What you should walk away with

Master the fundamentals of discrete-event simulation to model an in-space manufacturing factory, including production lines, resource pools (e.g., power, feedstock), and robotic agents using Python libraries like `SimPy`.

Implement a multi-agent system architecture where each manufacturing unit or robotic arm acts as an autonomous agent, communicating and coordinating resource requests and task statuses.

Design and integrate a strategic decision-making module using the Mistral Large 2 API, providing high-level guidance for production scheduling, resource prioritization, and adaptation to unexpected events based on real-time factory state.

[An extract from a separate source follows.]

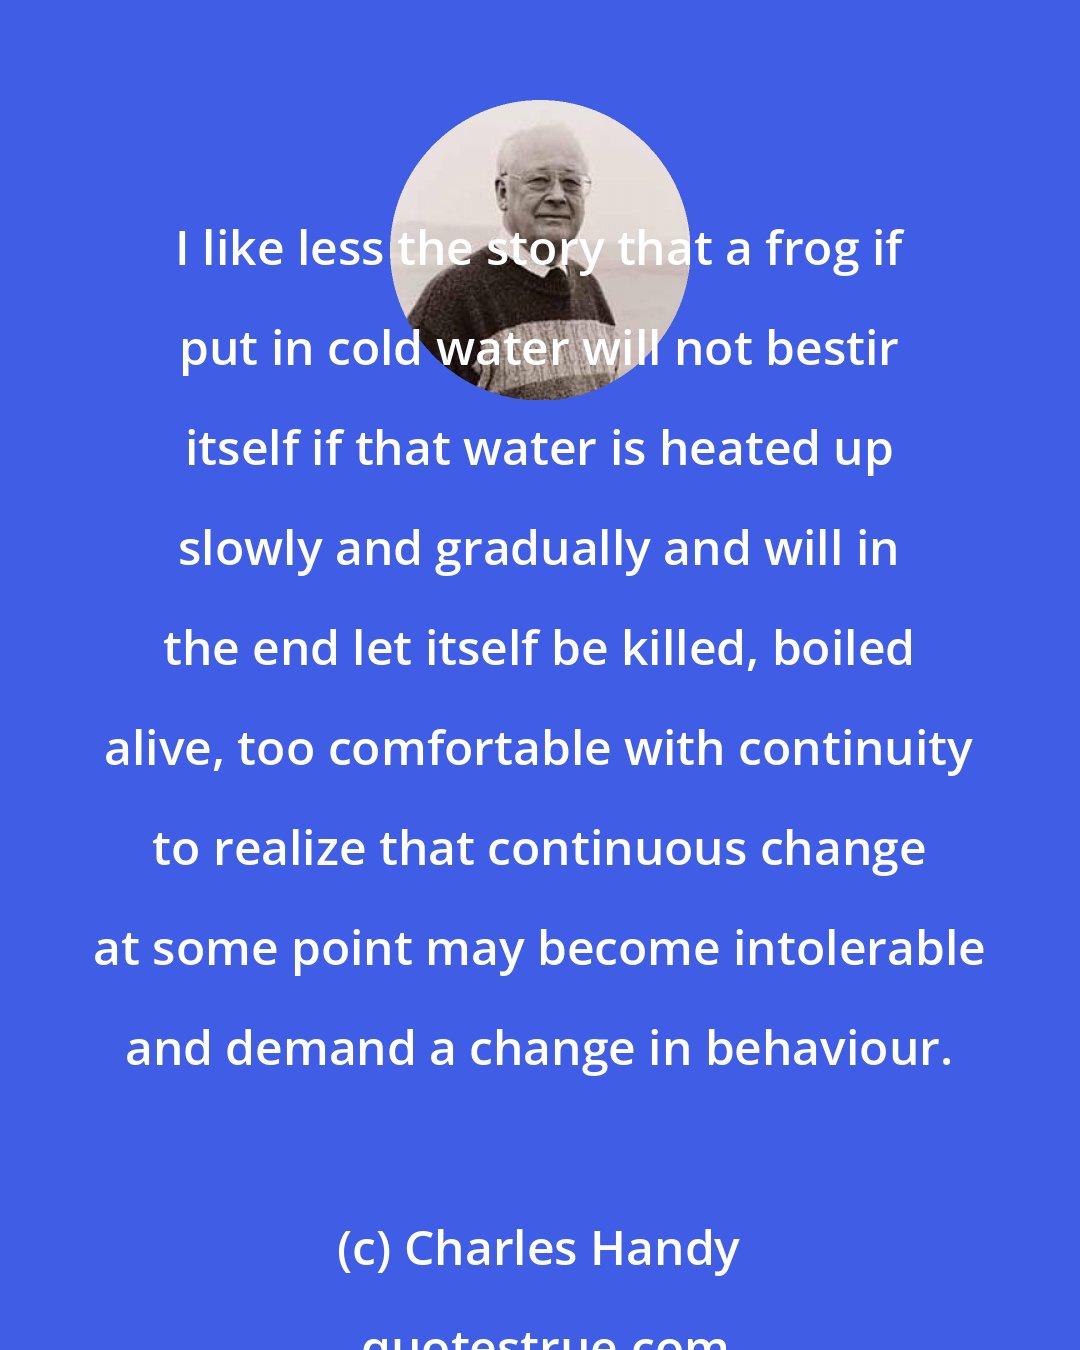 Charles Handy: I like less the story that a frog if put in cold water will not bestir itself if that water is heated up slowly and gradually and will in the end let itself be killed, boiled alive, too comfortable with continuity to realize that continuous change at some point may become intolerable and demand a change in behaviour.

Utilize a suitable multi-agent orchestration framework or design patterns to manage the interactions, task assignments, and conflict resolution among the individual manufacturing agents, ensuring collaborative optimization (e.g., drawing inspiration from concepts explored by OpenAI Swarm).

Integrate `DuckDB` for efficient, in-memory analytical queries on simulated sensor data, resource consumption logs, and production metrics, allowing the Mistral Large 2 module to make data-driven decisions rapidly.

Develop robust fault tolerance mechanisms within the multi-agent system, allowing it to re-plan production or reallocate resources in response to simulated equipment failures or supply chain disruptions.

Optimize the system for key performance indicators such as production throughput, resource utilization efficiency, and resilience to failures, demonstrating improved performance compared to a baseline (e.g., rule-based) system.

Evaluate the overall system's performance using quantitative metrics in simulation, and provide a qualitative assessment of the AI's decision-making logic through logging and explanation outputs.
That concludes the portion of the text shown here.